> Source material

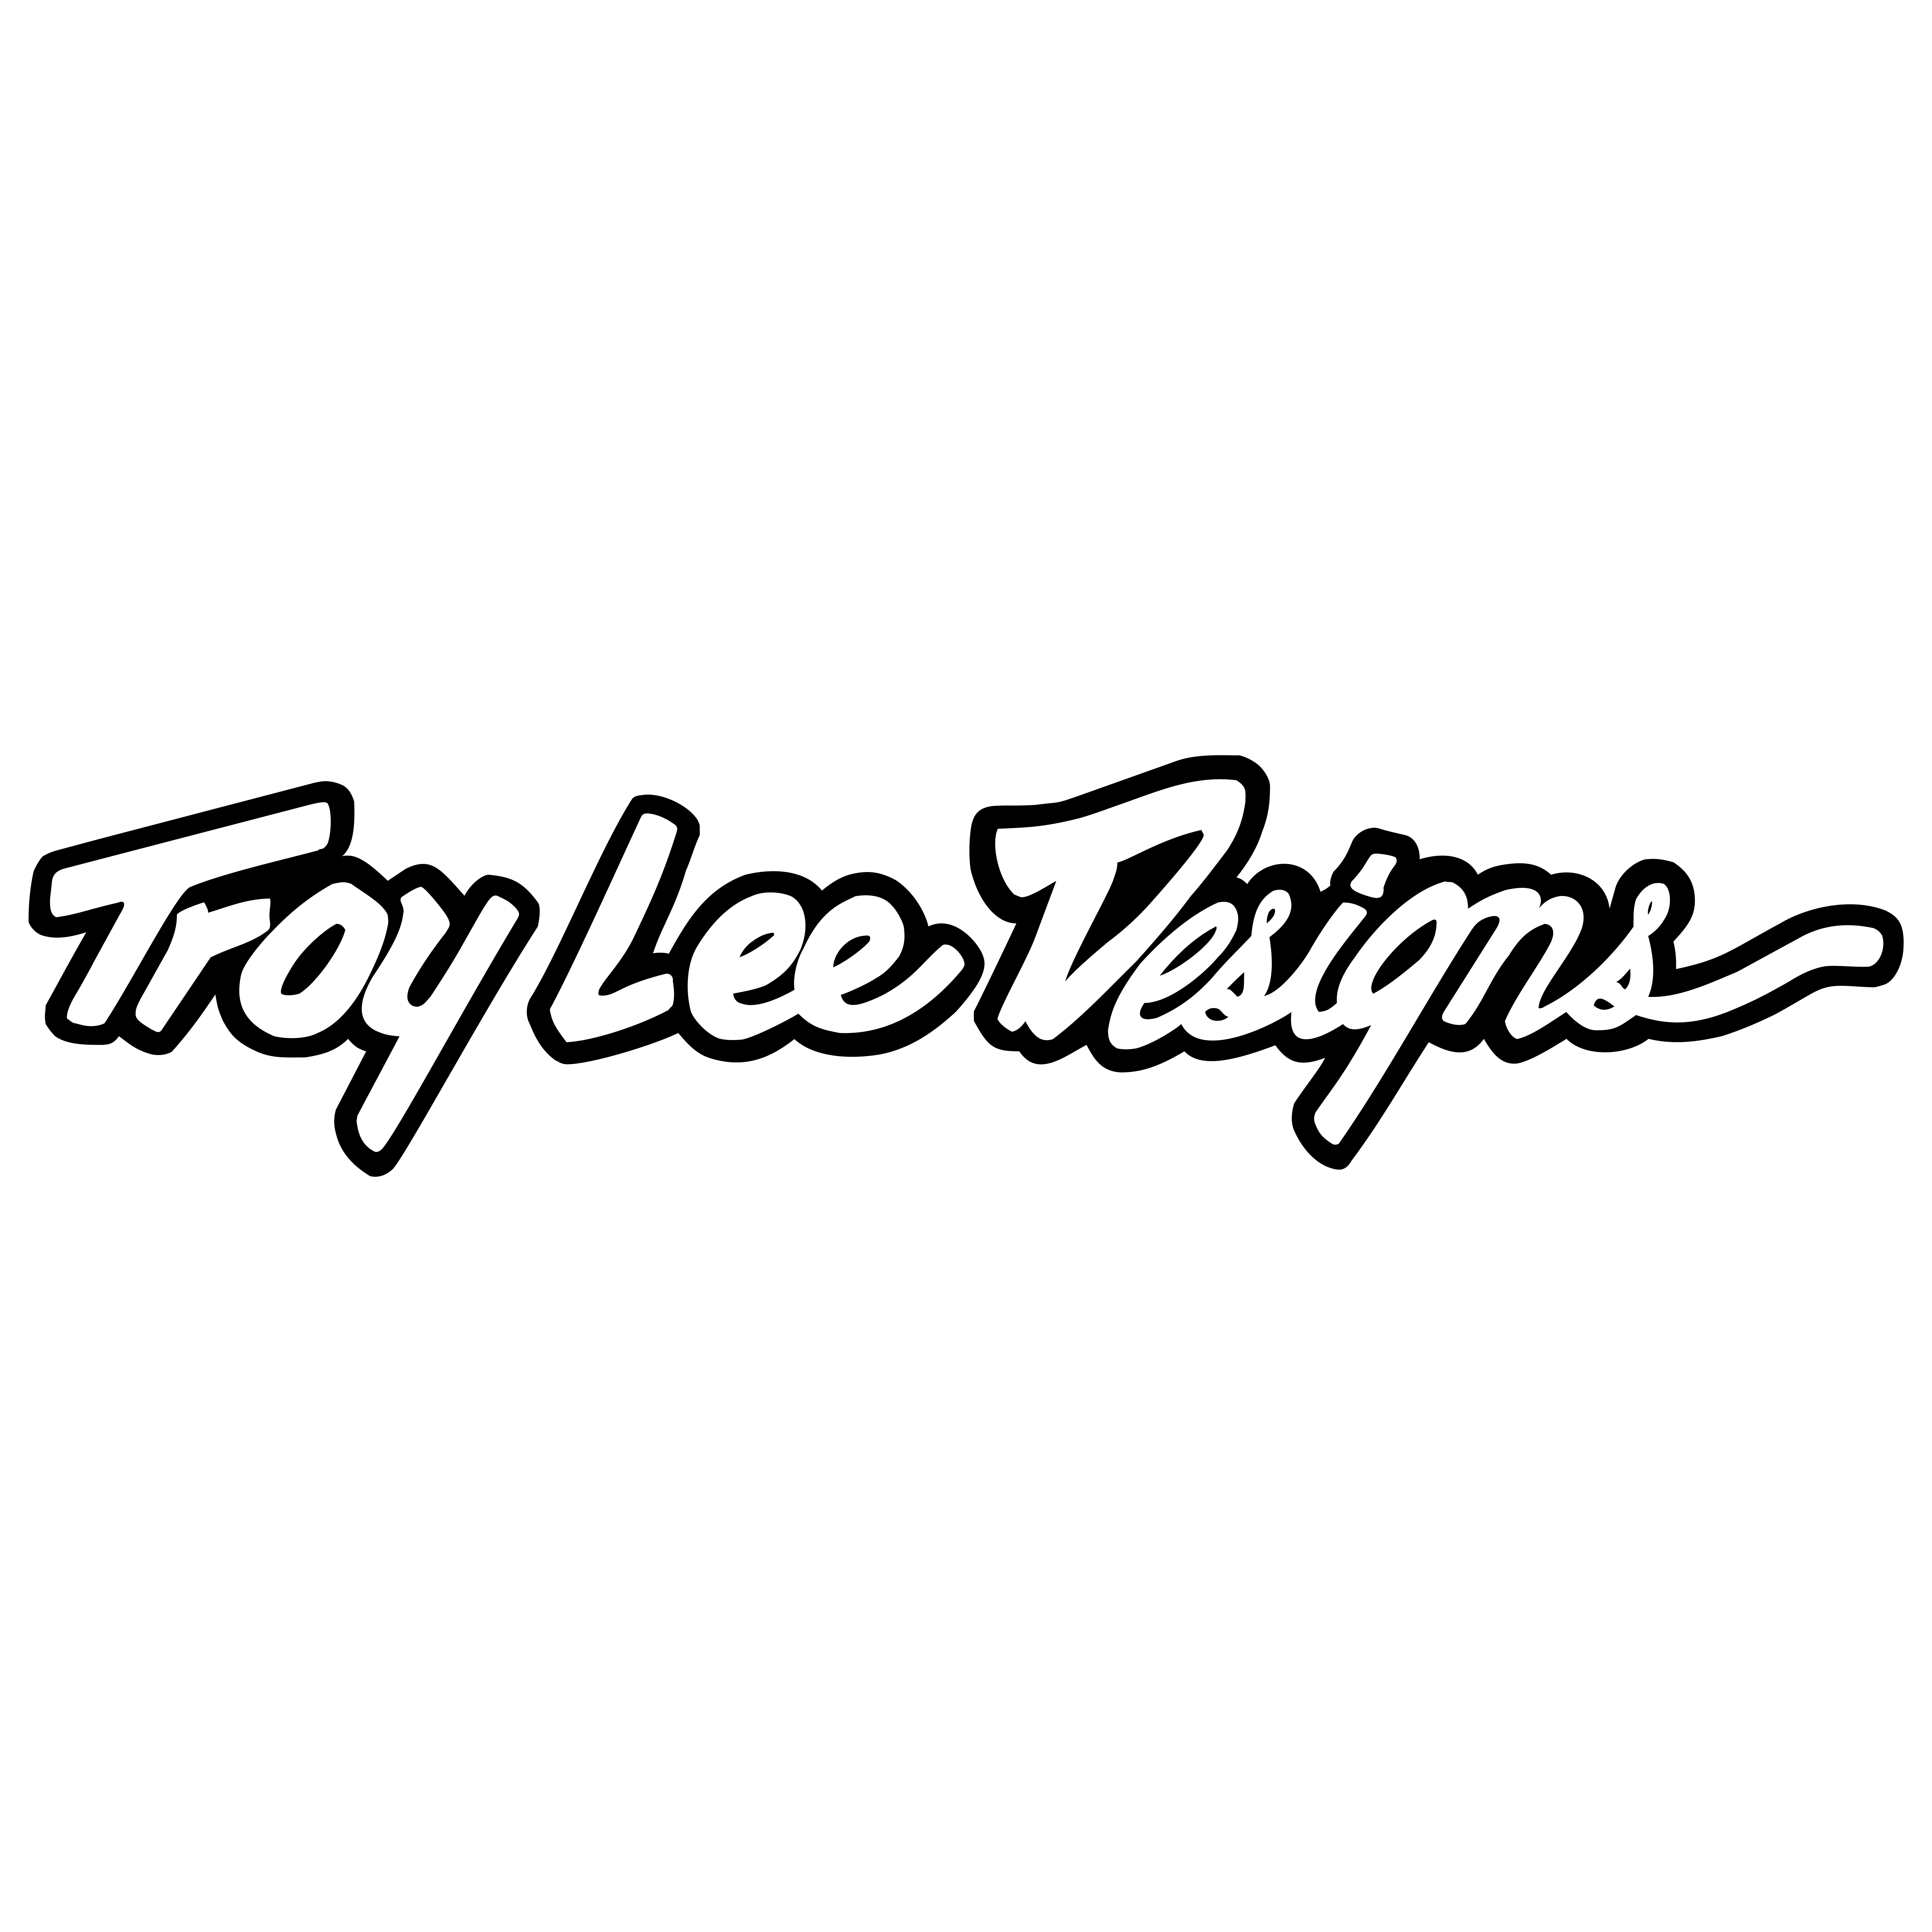 Troylee design Logo
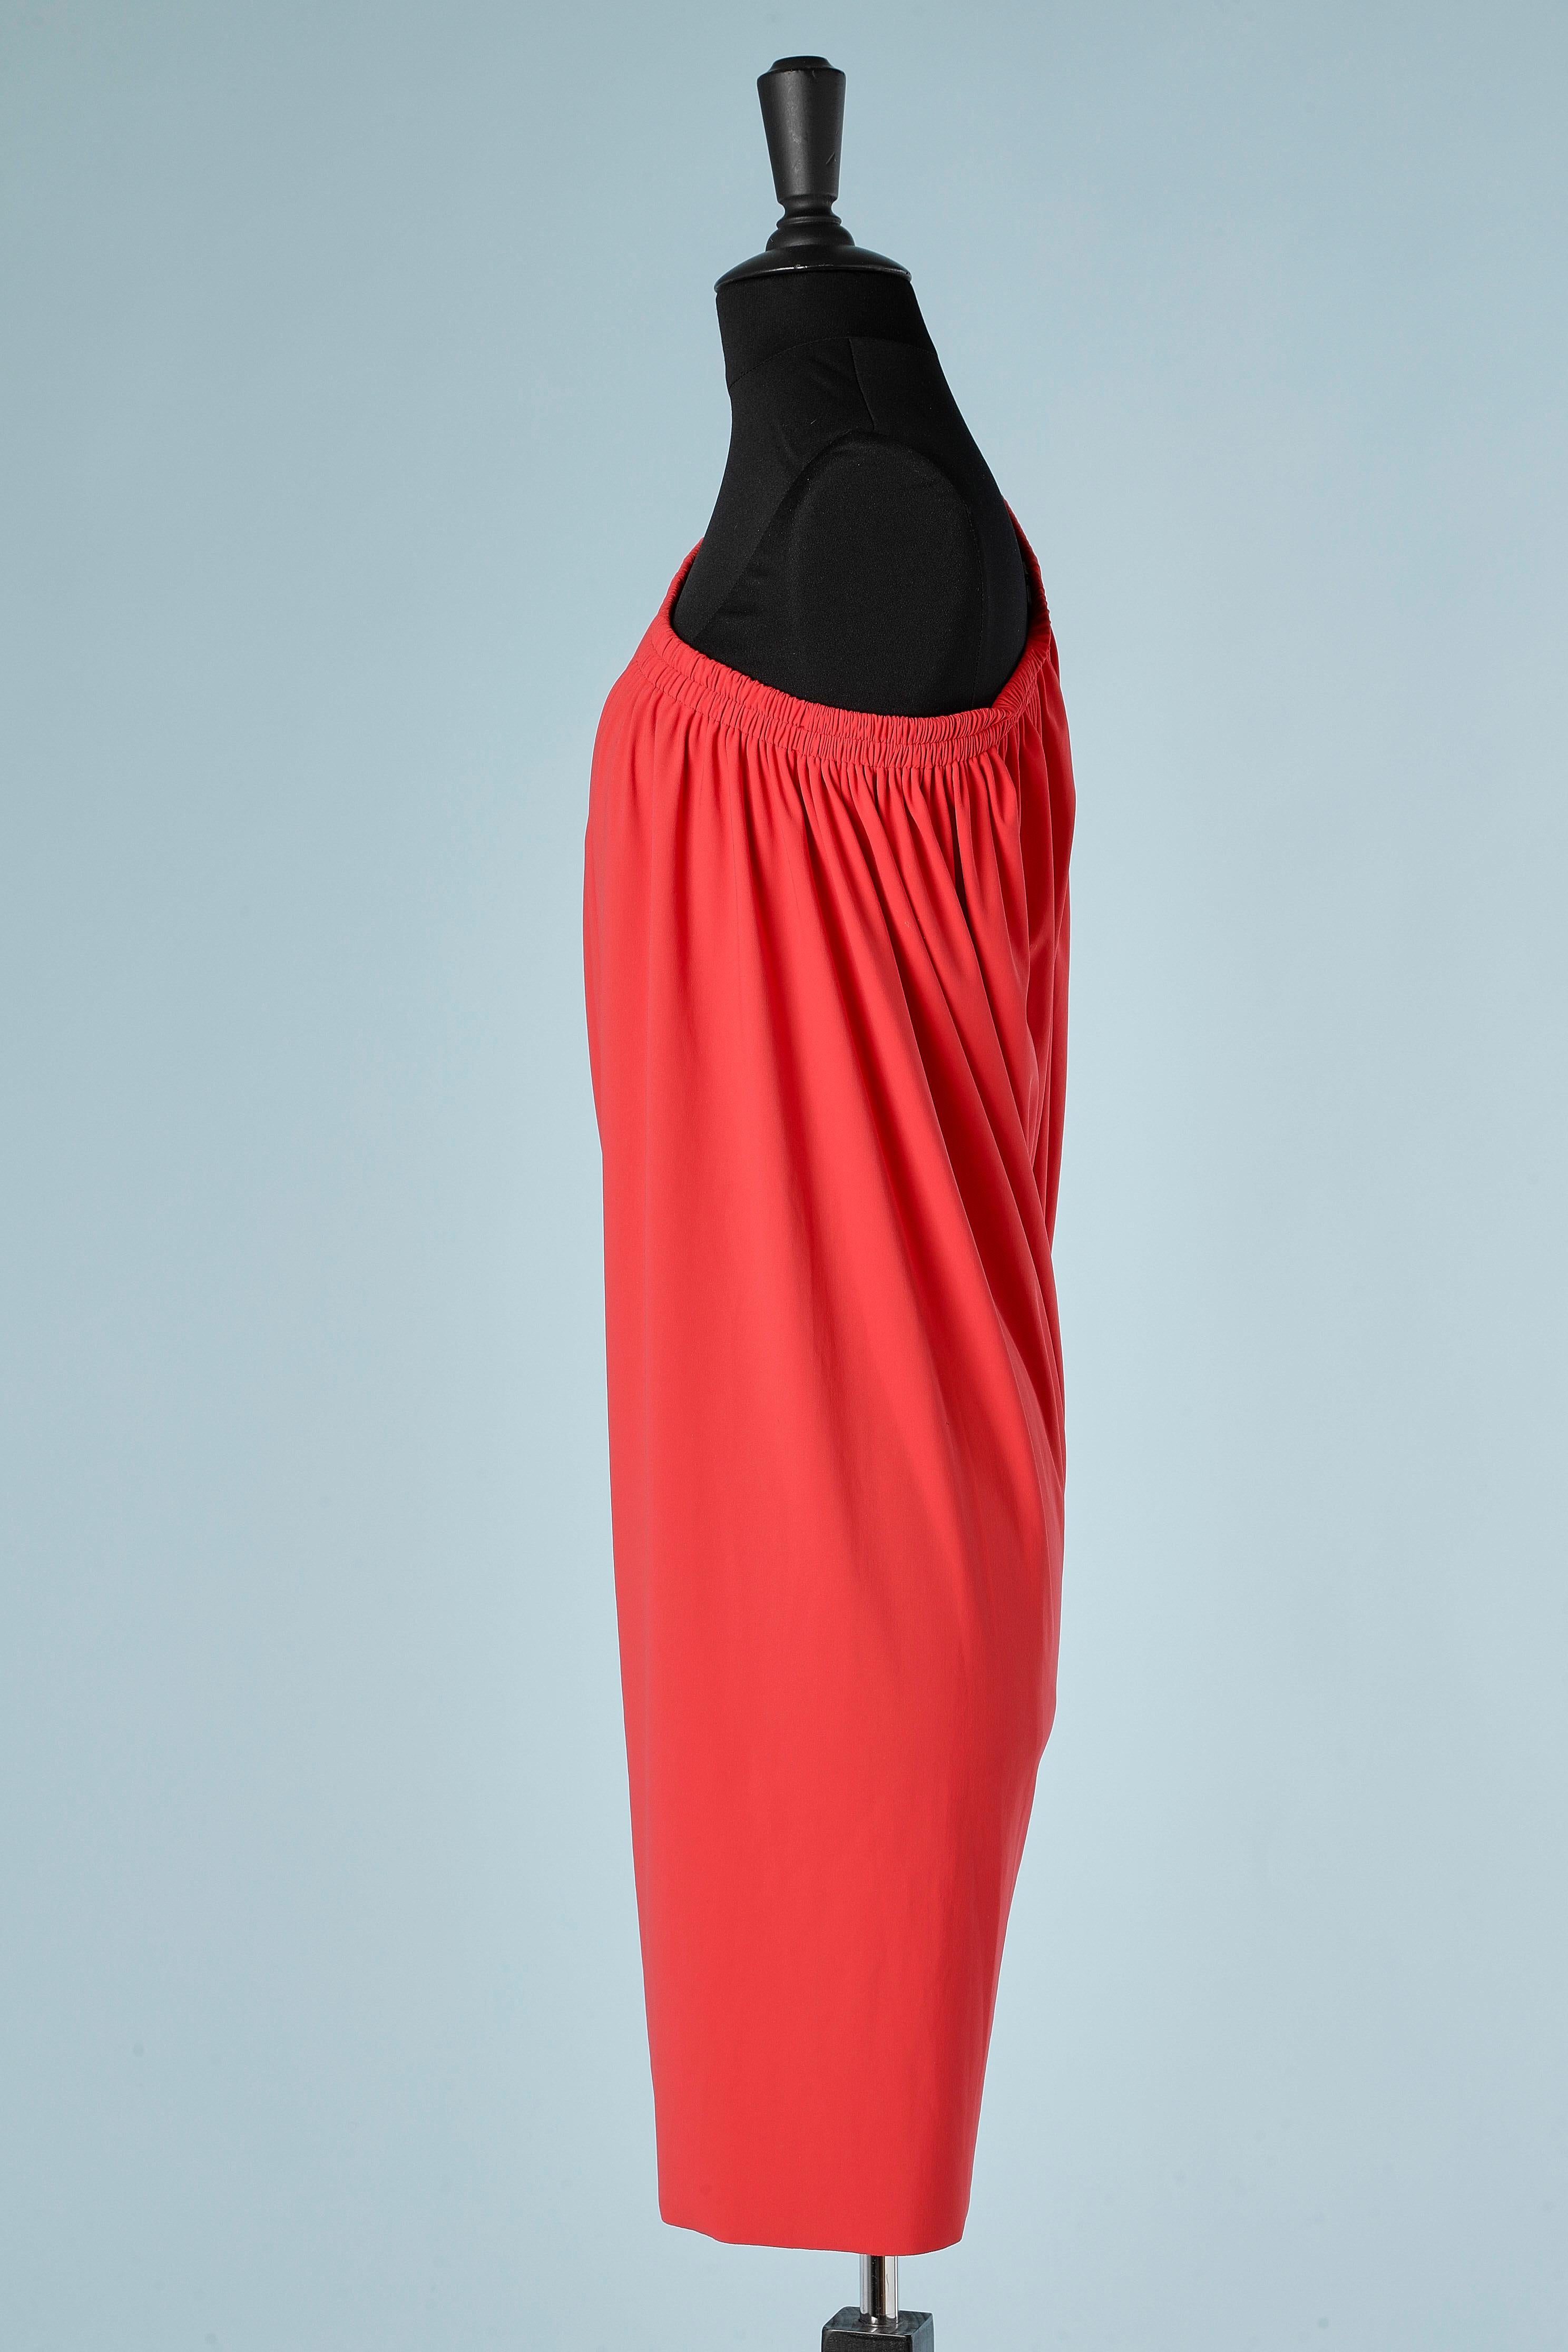 Red  asymmetrical stretch jersey top Lanvin Maillot de bain For Sale 1
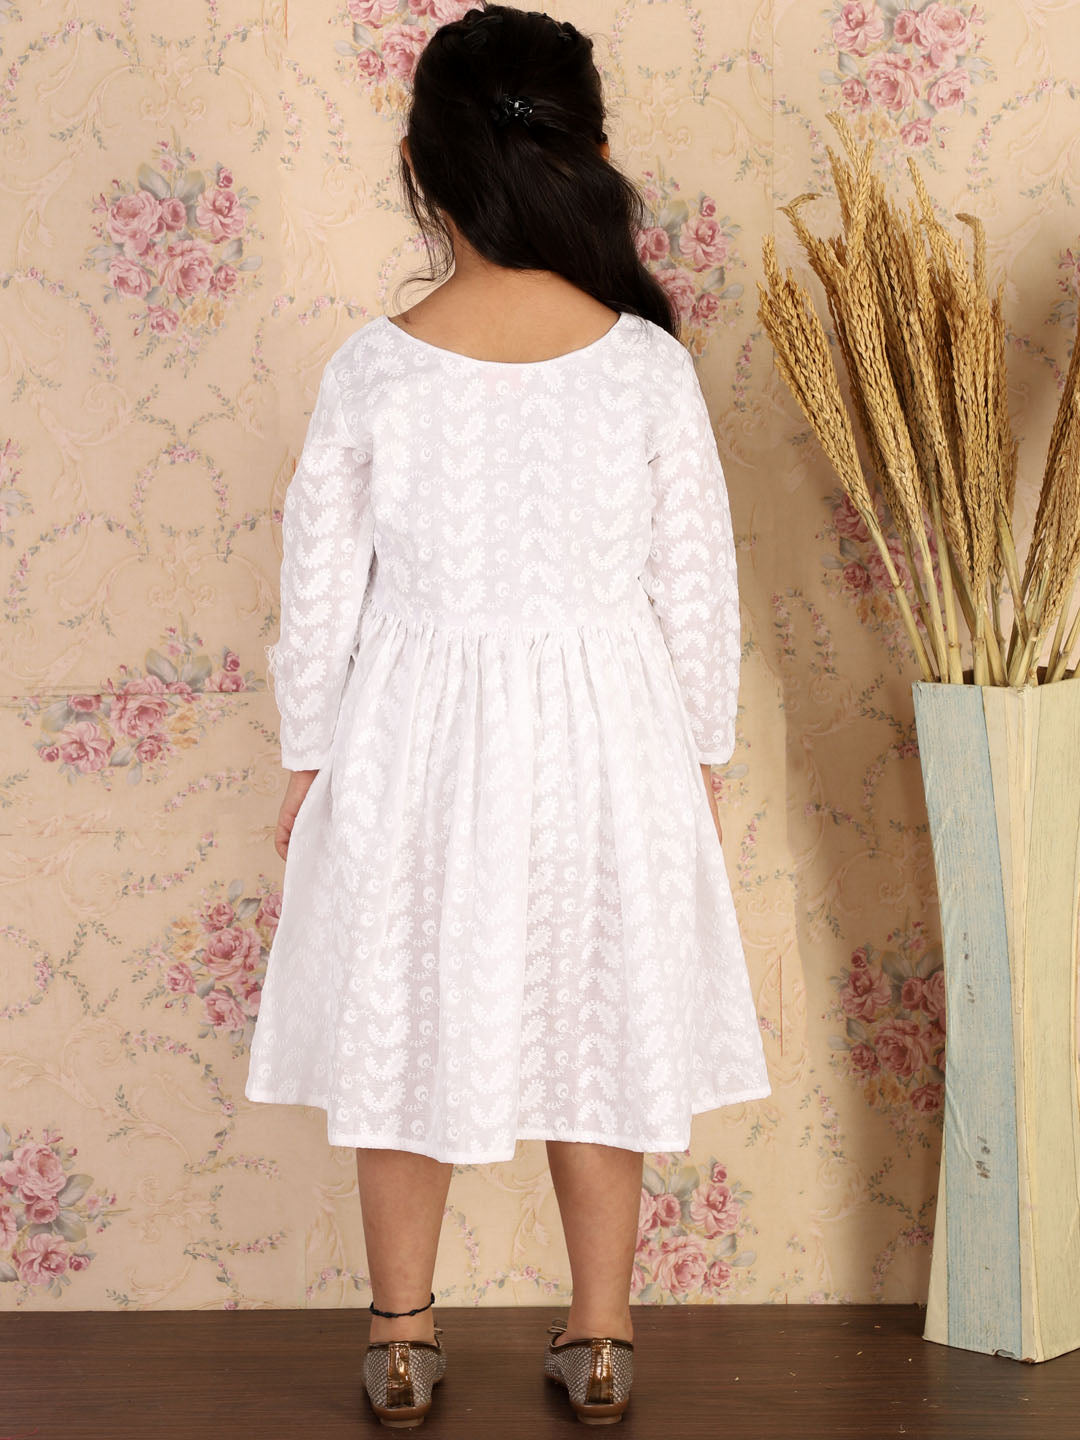 Ethnic fashion online - Blended Cotton Dresses

> Problem details
In transcribing the lines above, omit the images and keep all else exact.

> Task result
 Troylee design Logo
 Red  asymmetrical stretch jersey top Lanvin Maillot de bain For Sale 1
 Ethnic fashion online - Blended Cotton Dresses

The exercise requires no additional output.